## Dataset section
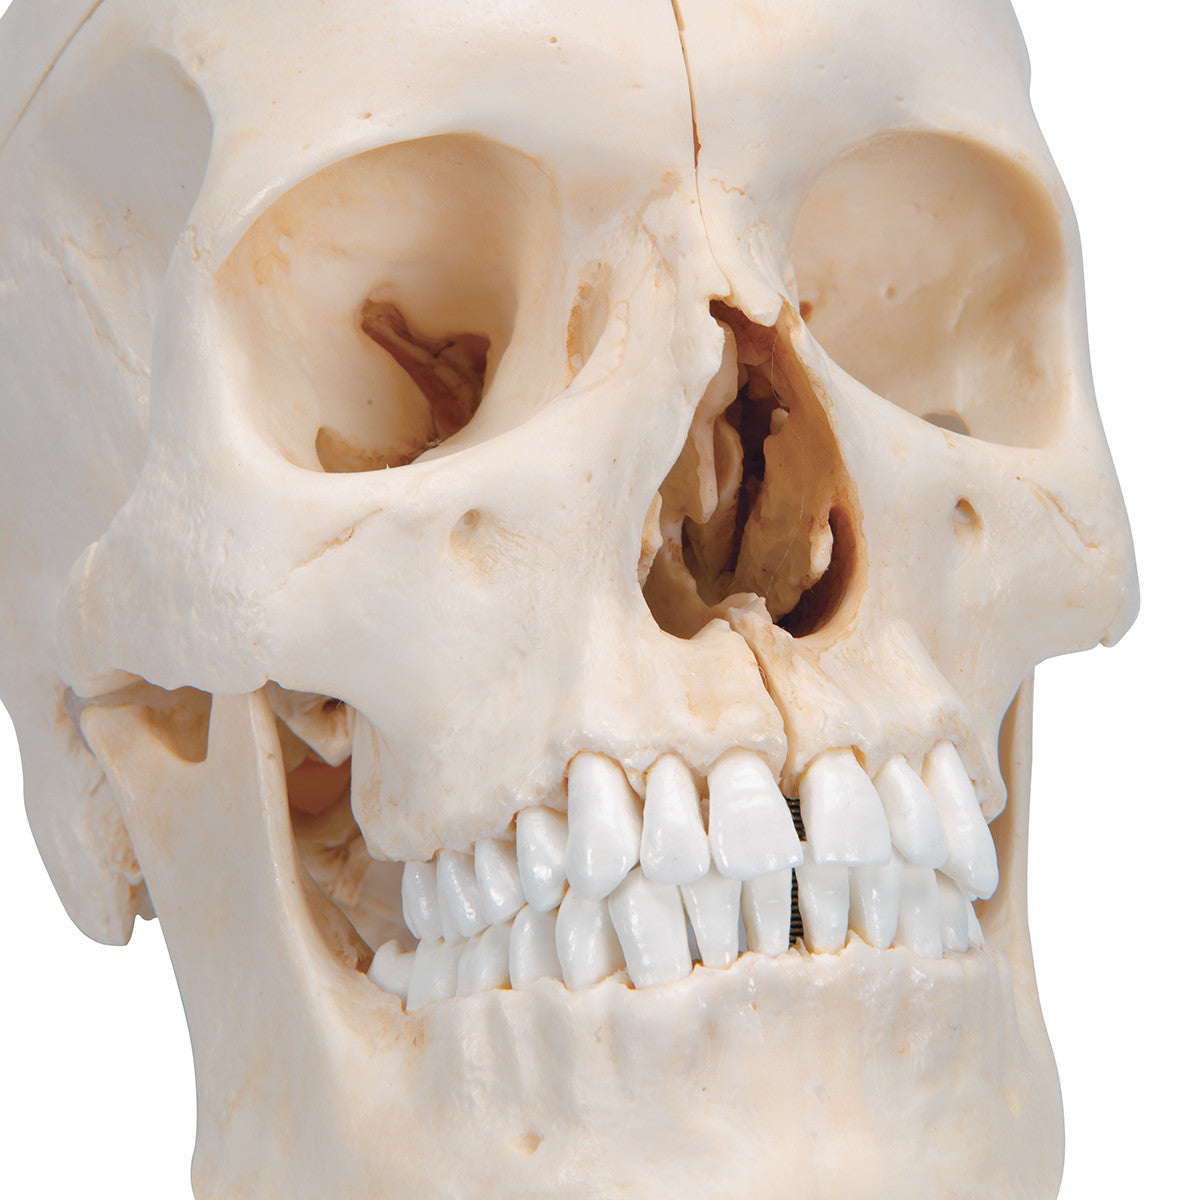 Bony Skull, 6-part | 3B Scientific A281
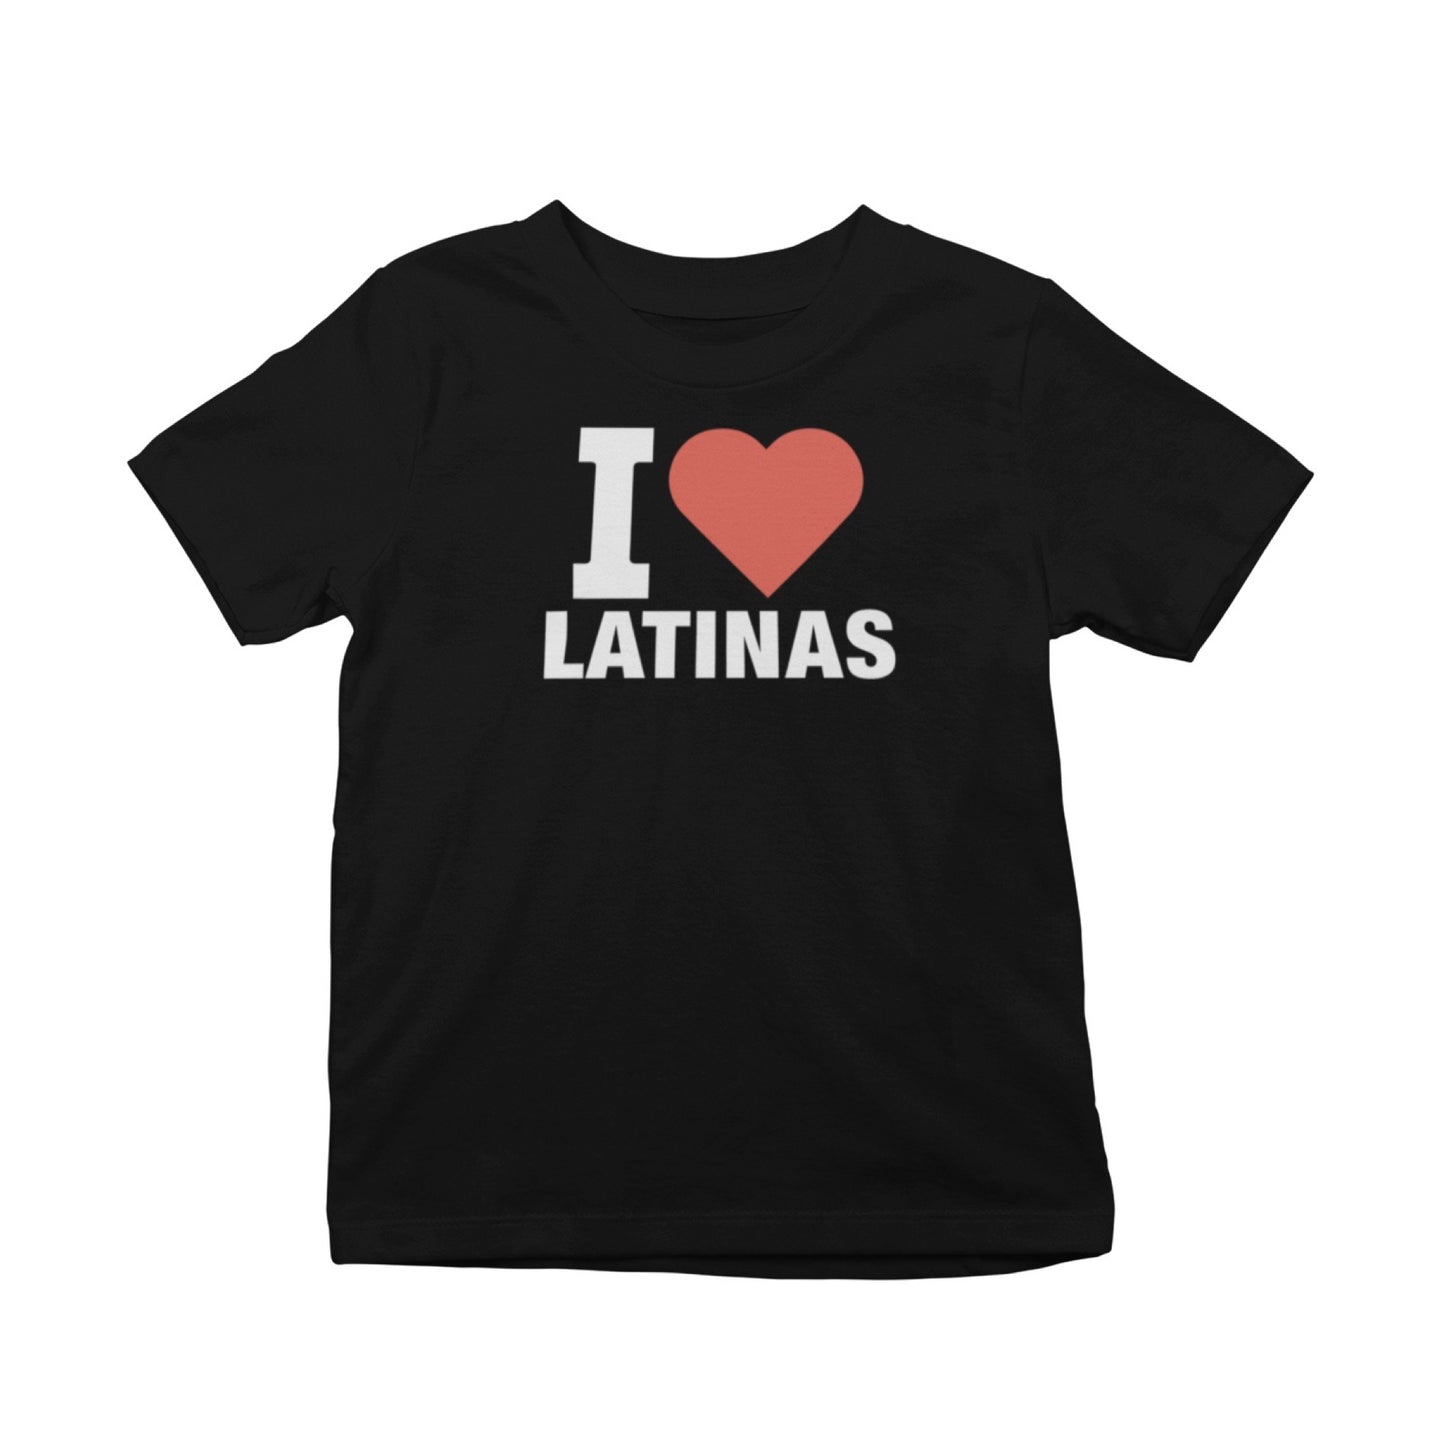 I Heart Latinas T-Shirt
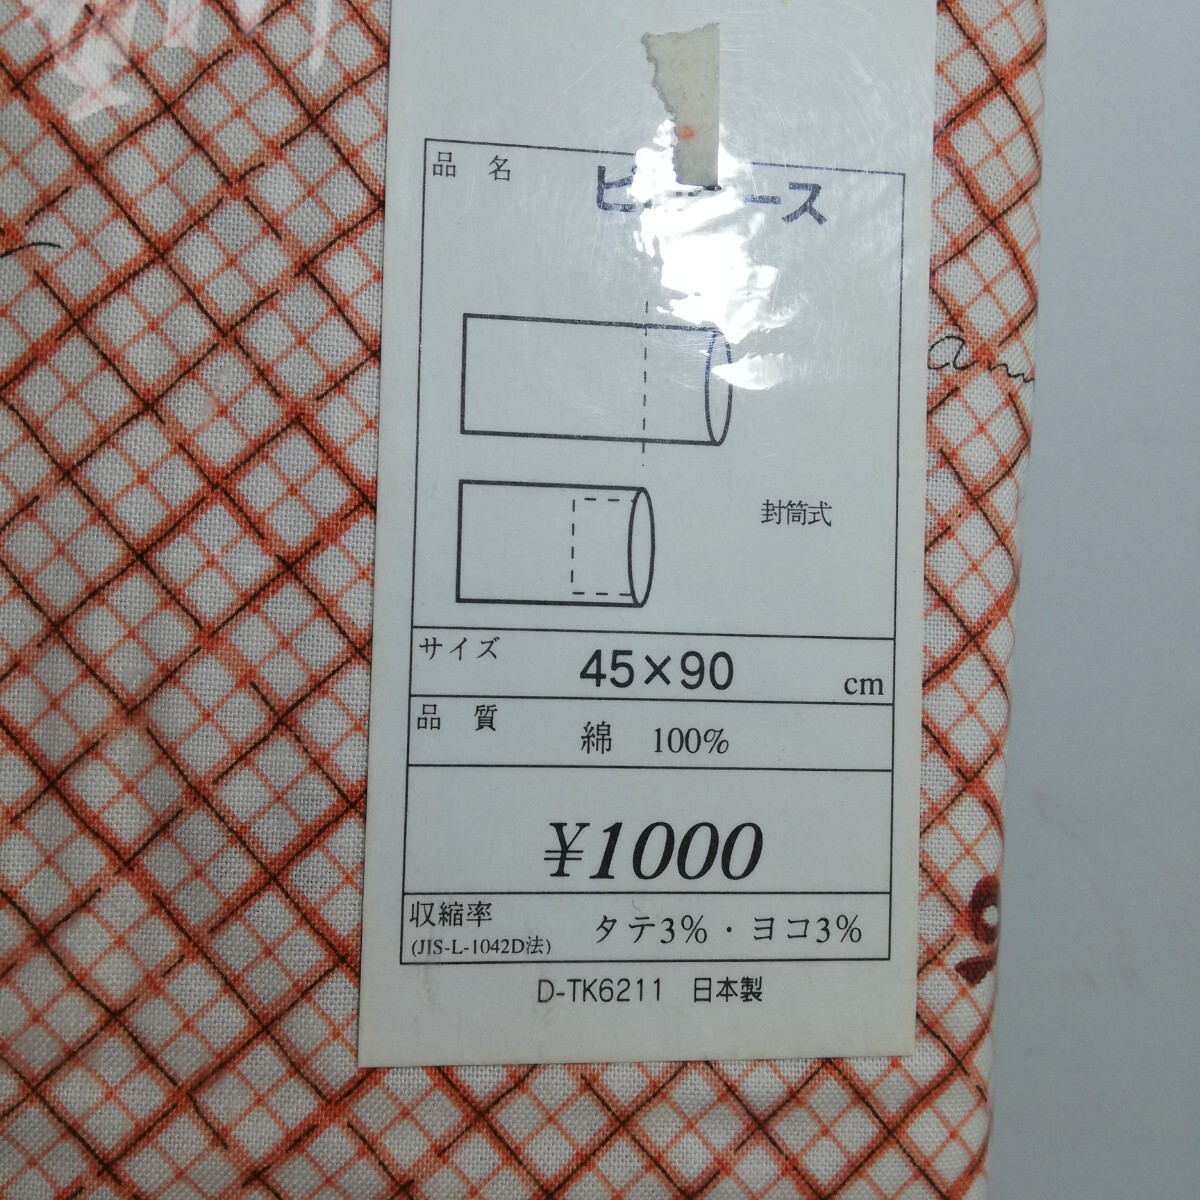 Fabricing リボンクロス柄 ピロケース 枕カバー イエロー・オレンジ 45cm×90cm 2点セット 未使用品 日本製 の画像5

## Directions for this task
Omit every picture while printing the data word for word.

## Finished exercise
 Bony Skull, 6-part | 3B Scientific A281
 I Heart Latinas T-Shirt
 Fabricing リボンクロス柄 ピロケース 枕カバー イエロー・オレンジ 45cm×90cm 2点セット 未使用品 日本製 の画像5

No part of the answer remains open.